→ **What you will do**: Your task is to copy the listing exactly. Drop any pictures from the copy.
-- Recorded data follows --
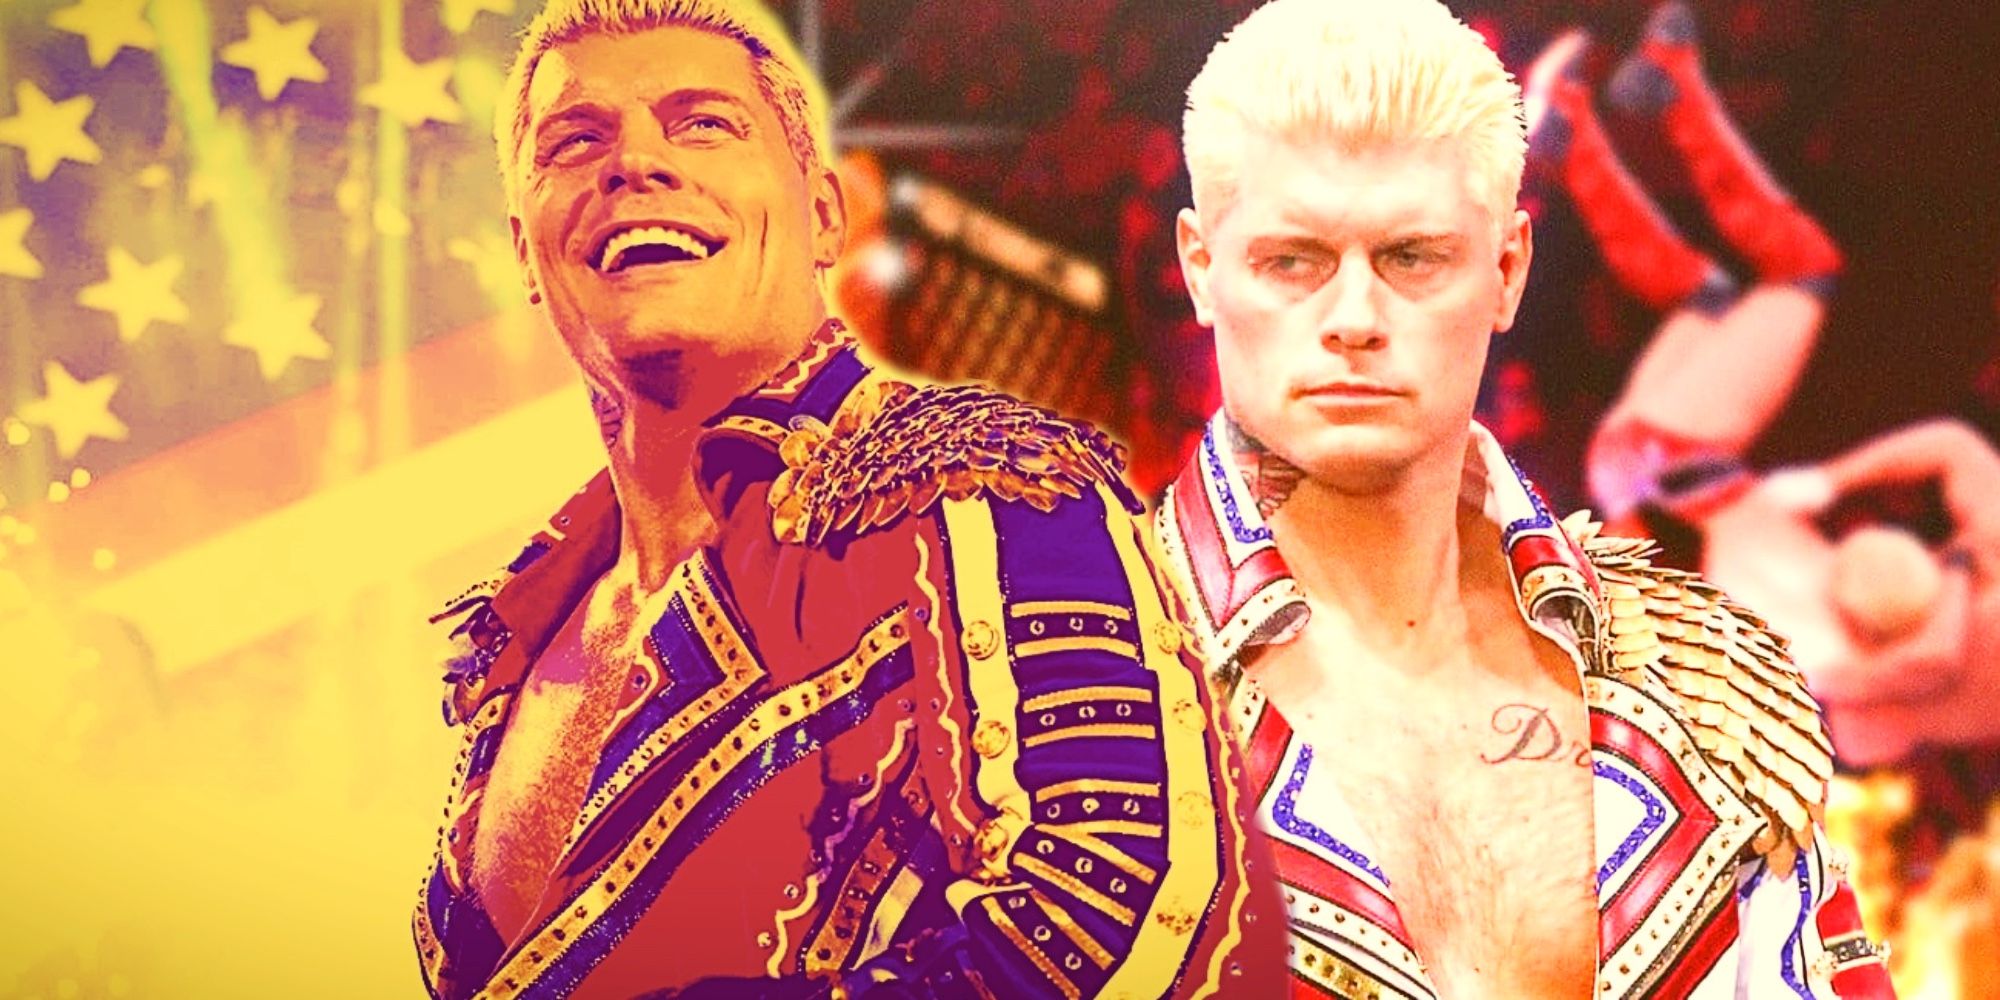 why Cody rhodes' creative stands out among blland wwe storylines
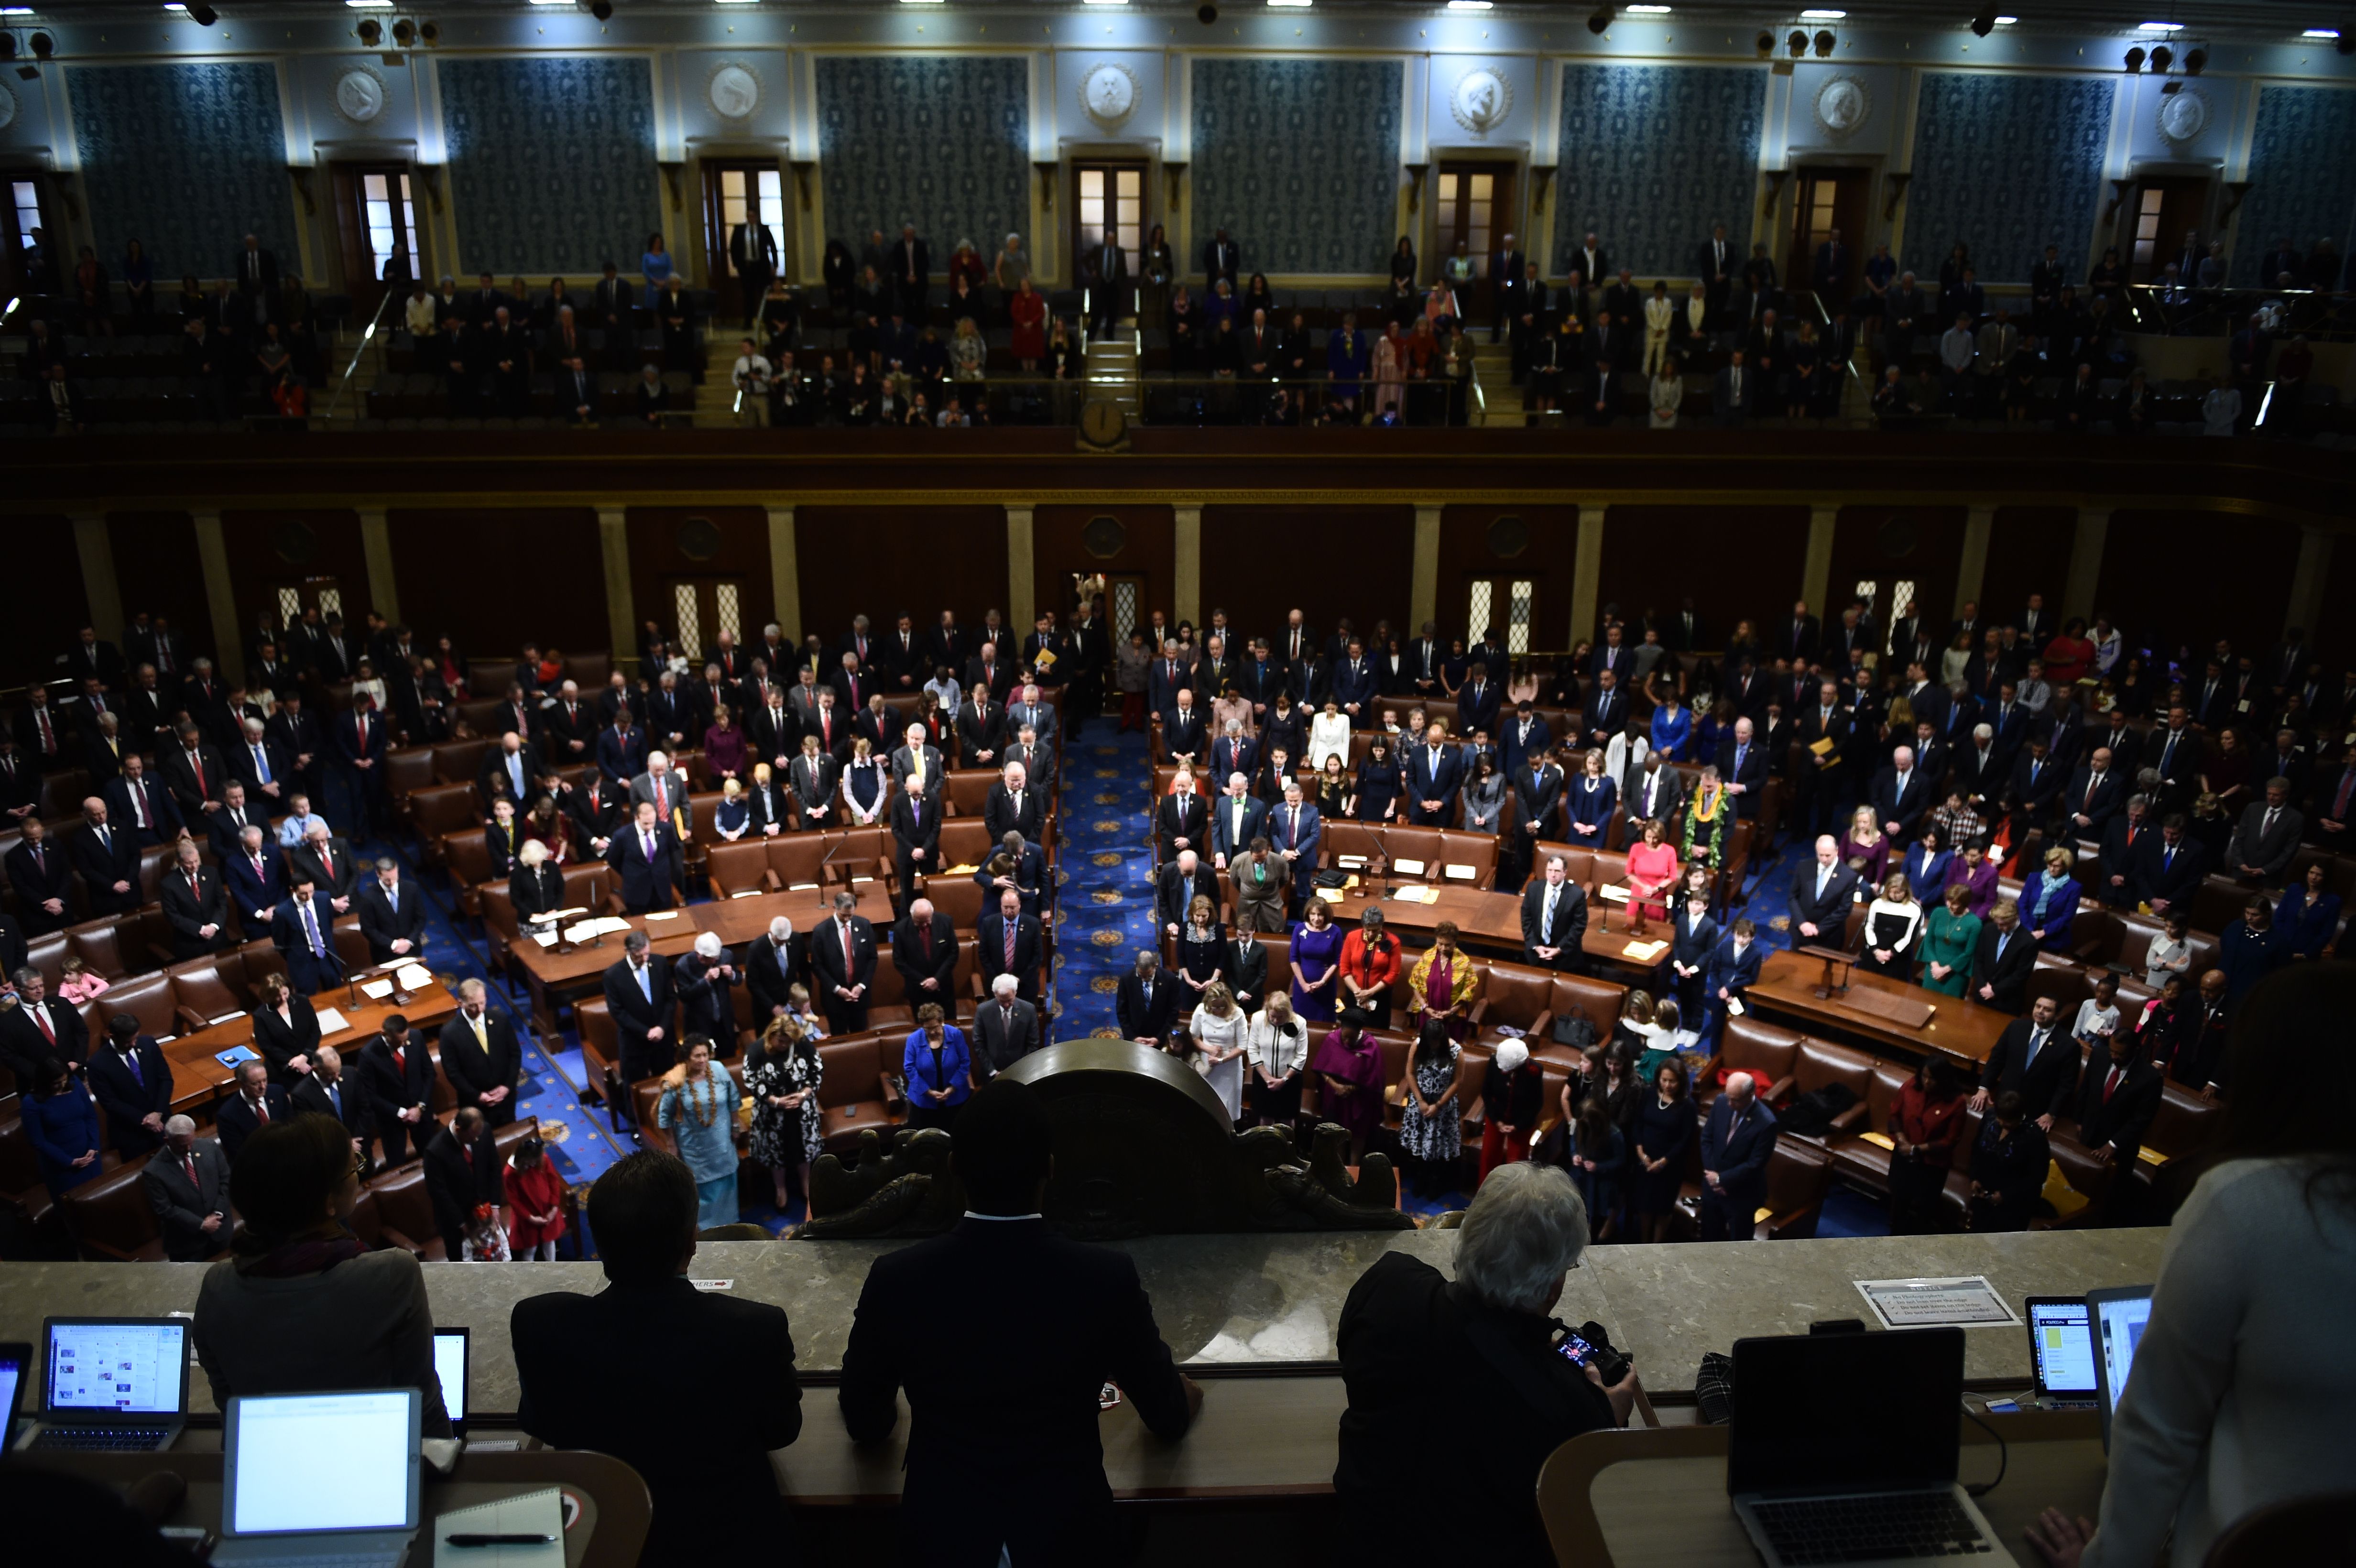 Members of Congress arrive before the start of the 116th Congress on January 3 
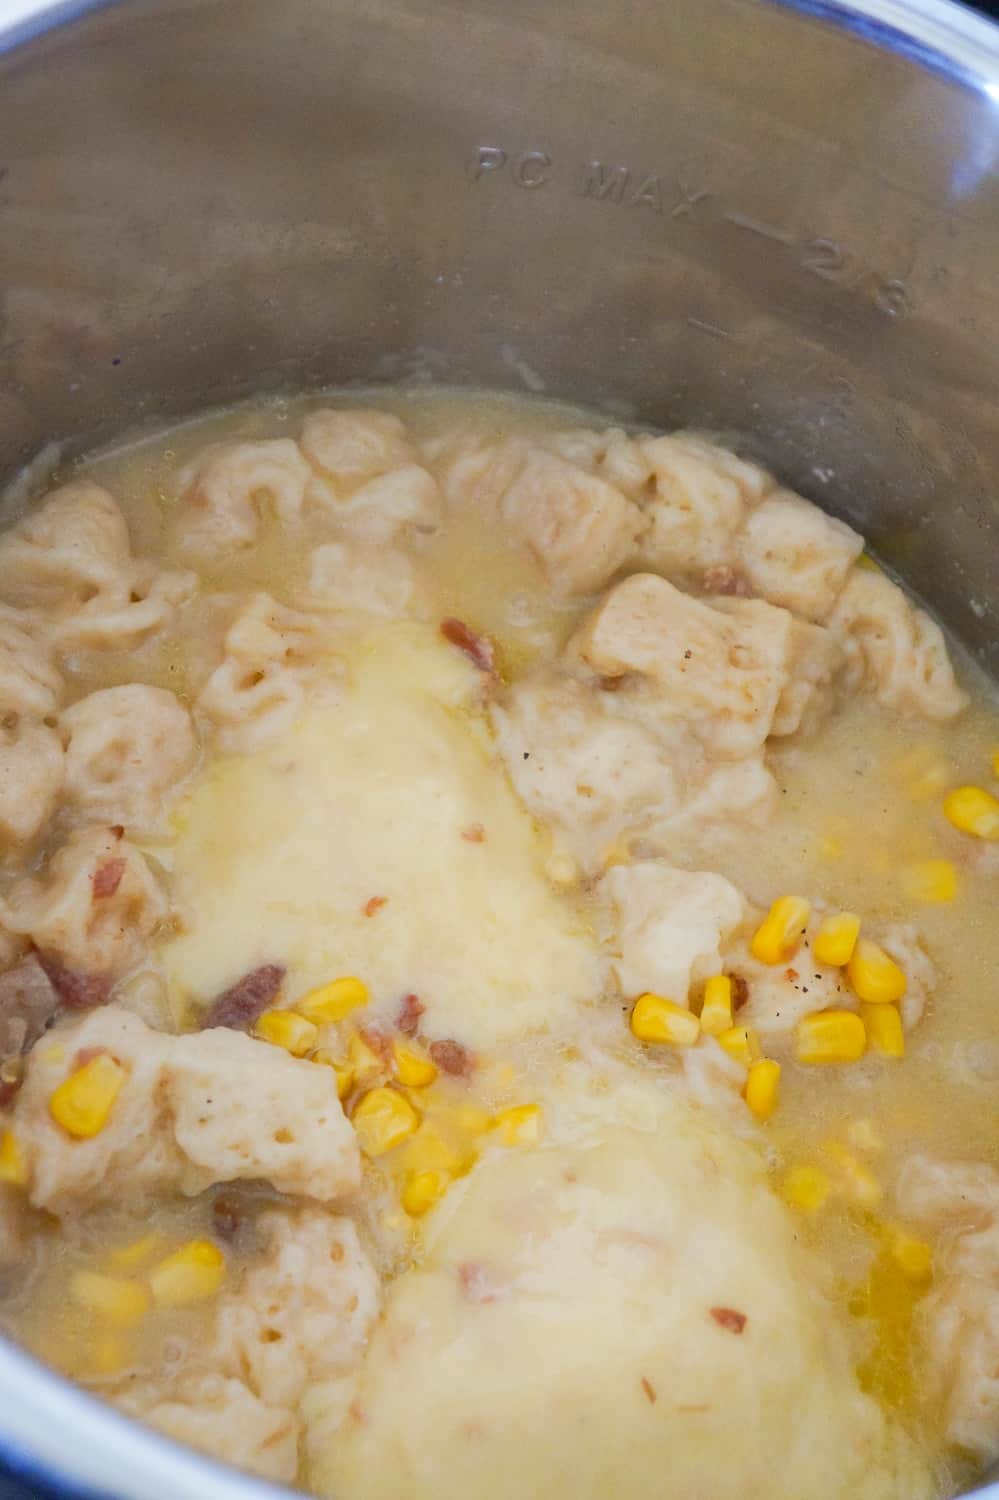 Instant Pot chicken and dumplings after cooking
-- Recorded data concluded --
→ **Output of the task**:
 why Cody rhodes' creative stands out among blland wwe storylines
 Members of Congress arrive before the start of the 116th Congress on January 3 
 Instant Pot chicken and dumplings after cooking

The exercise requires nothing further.